Legal and Ethical Considerations for Coalition Operations in Proximity to Autonomous Weapons Systems: Kaltovia Operational Context

Coalition Legal Advisory Division, IHL and Operational Compliance Branch β€” 14 October 2025
Ref: JAG-2025-0445Date: 14 Oct 2025Originator: CLAD / IHL and OC BranchNote: Advisory β€” not an operational order or legal determinationClass: SECRET // REL COALITION

1. Purpose and Status

This advisory sets out the principal legal and ethical considerations arising from coalition operations in an environment that includes an adversary autonomous area-denial system of the type described in TEC-2025-0998. It is intended to inform planning decisions and to ensure that relevant legal frameworks are visible to operational planners at the appropriate stage of the planning cycle. This document is an advisory product. It does not constitute legal clearance for any specific operation, nor does it substitute for the case-specific legal review that any proposed operation requires prior to execution. Legal frameworks addressed here are living bodies of doctrine subject to ongoing interpretive development.
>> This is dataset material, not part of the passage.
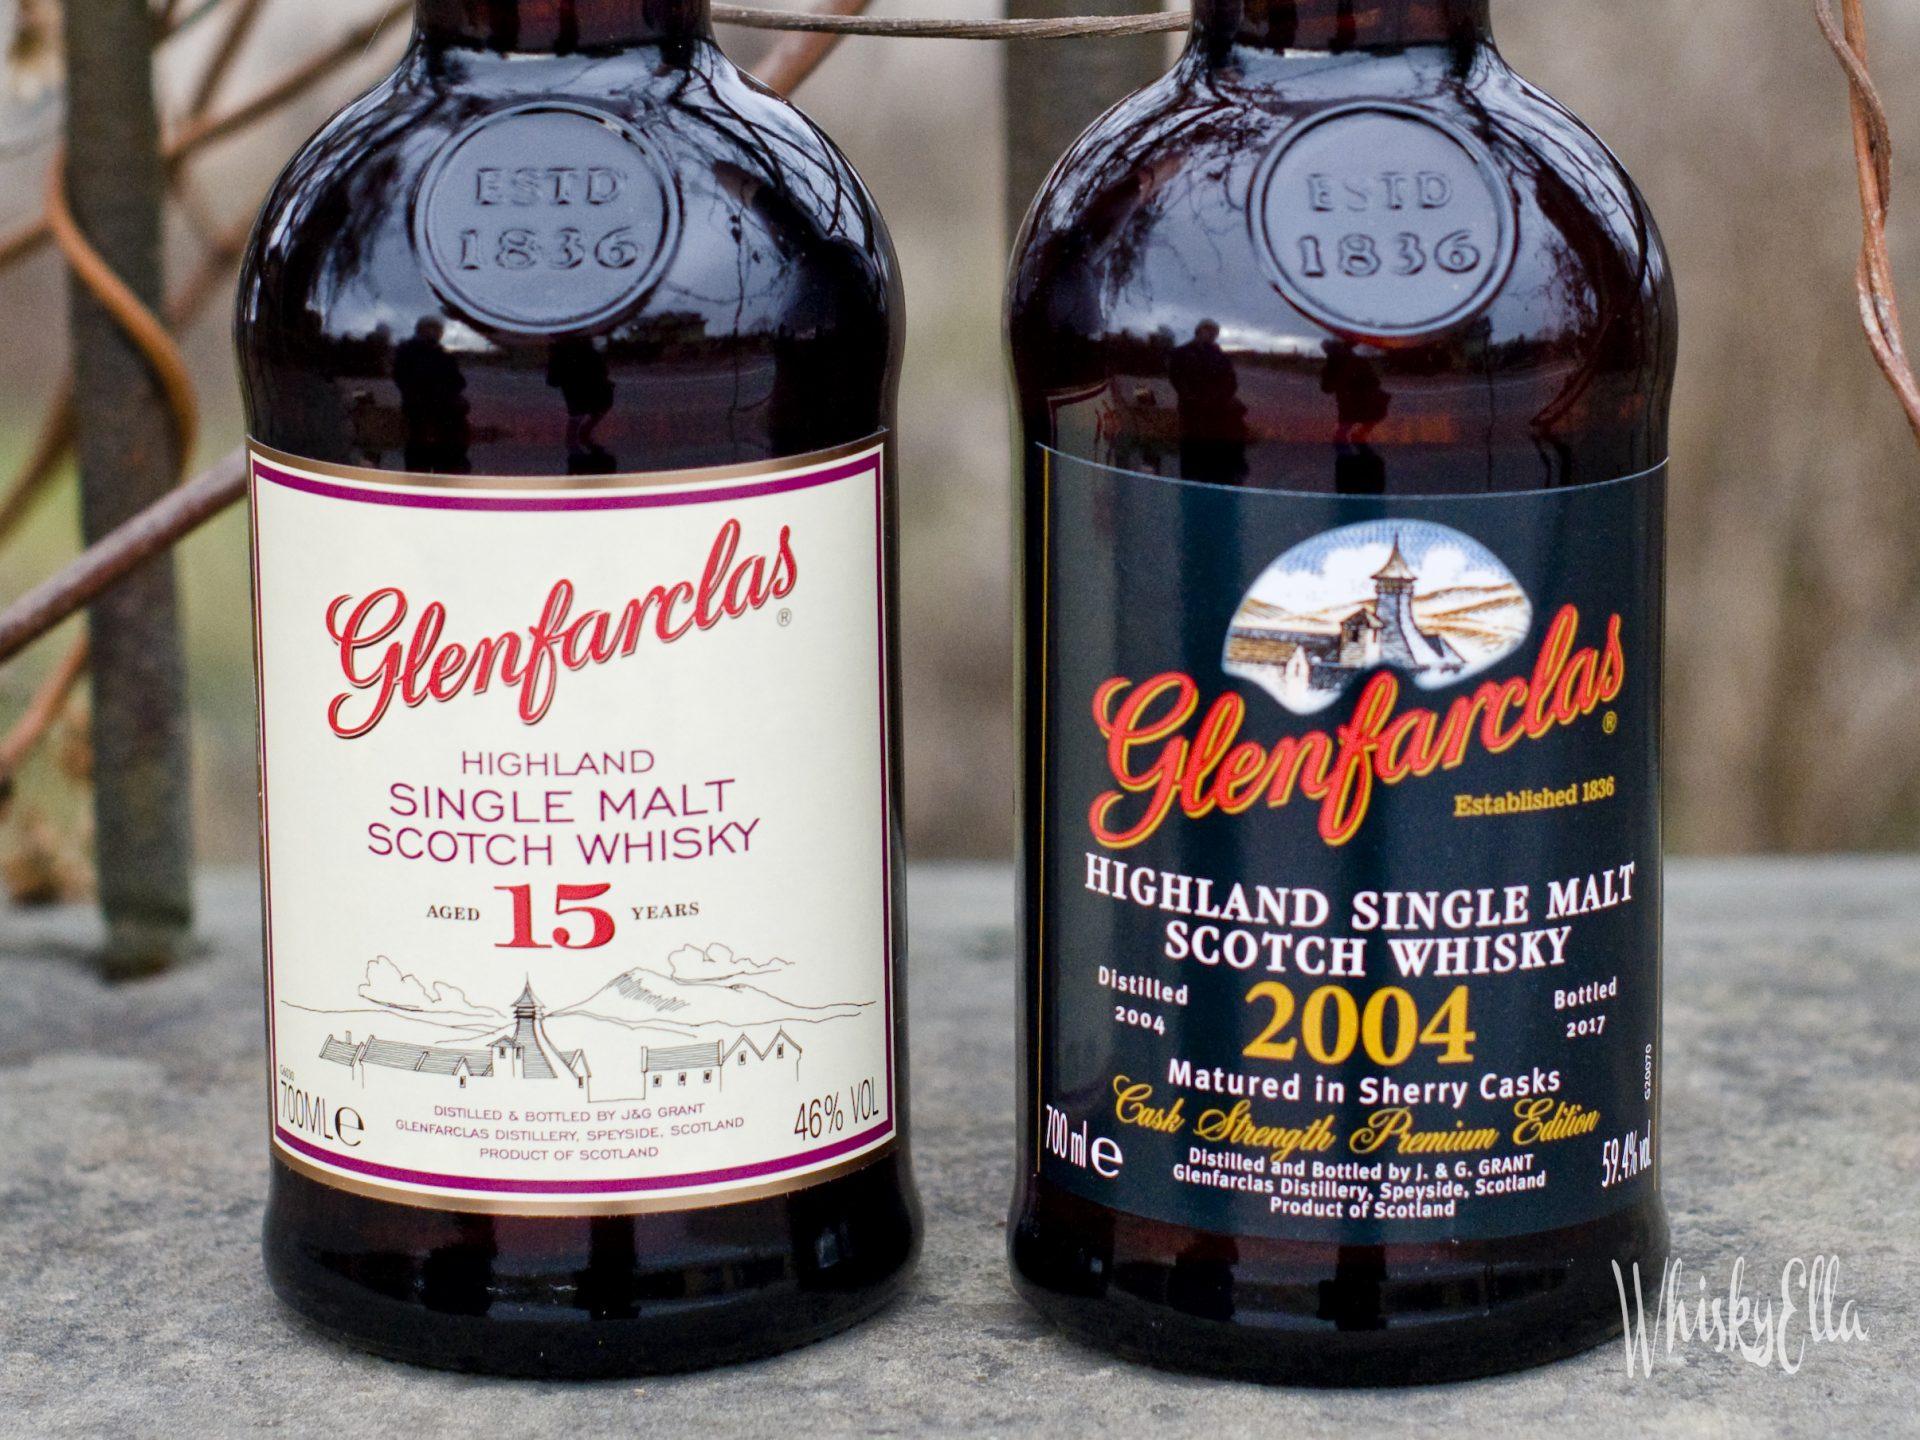 Nasza recenzja Glenfarclas 15 yo vs Glenfarclas 2004 Matured Sherry Cask, Cask Strength 59,4% Bottled 2017 #48

2. Applicable Legal Frameworks

Operations in this planning context are governed by the law of armed conflict as codified in the Geneva Conventions (1949) and Additional Protocols (1977) and in customary international humanitarian law. The relevant principles are: distinction (parties must distinguish between combatants and civilians and may only direct attacks against military objectives β€” AP I, Art. 48 and Art. 52); proportionality (anticipated civilian harm must not be excessive relative to expected military advantage β€” AP I, Art. 51(5)(b)); precaution (all feasible precautions must be taken to avoid or minimise civilian casualties β€” AP I, Art. 57); and necessity (force may only be used to the extent required to achieve a legitimate military objective β€” customary norm, reflected in AP I, Art. 35). These principles apply with particular acuity where operations involve or foreseeably trigger an autonomous system with an assessed civilian misidentification rate.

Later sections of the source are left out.